Class Imbalance
Class imbalance refers to a situation in machine learning and data science where the distribution of examples across different categories (or classes) is not uniform. For instance, in a dataset used for binary classification, if there are 90 instances of Class A and only 10 instances of Class B, this creates a significant imbalance.
This imbalance can lead to several challenges in training machine learning models. Most notably, models may become biased towards the majority class, resulting in poor predictive performance for the minority class. In the example above, a model might predict Class A for almost all instances, achieving high accuracy overall, but failing to correctly identify instances of Class B.
Class imbalance can arise in various domains, such as fraud detection, medical diagnosis, and customer churn prediction, where the event of interest (e.g., fraud, disease, churn) is rare compared to the normal instances.
To address class imbalance, several techniques can be employed:
- Resampling: This involves either oversampling the minority class (adding more instances) or undersampling the majority class (reducing instances) to create a more balanced dataset.

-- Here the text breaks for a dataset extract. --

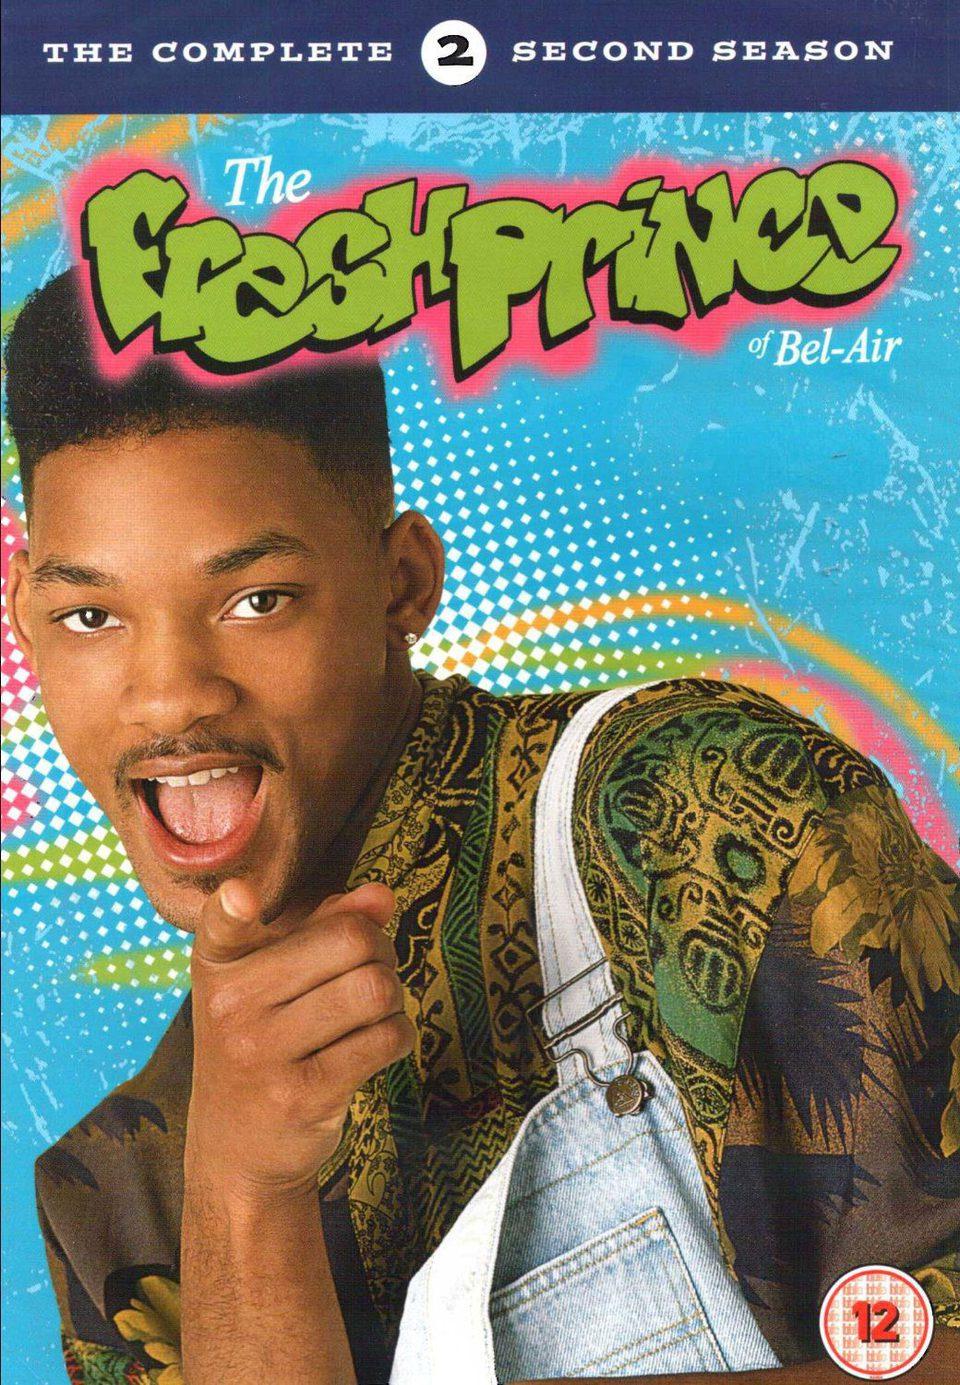 Cartel Temporada 2 de 'El príncipe de Bel-Air'

- Algorithmic adjustments: Some algorithms can be modified to give more weight to the minority class during training, helping to balance the influence of both classes.
- Using specialized metrics: Instead of accuracy, which can be misleading, metrics such as precision, recall, F1-score, and the area under the ROC curve (AUC-ROC) can provide better insights into model performance in imbalanced scenarios.
Understanding and addressing class imbalance is crucial for developing robust machine learning models that perform well across all classes.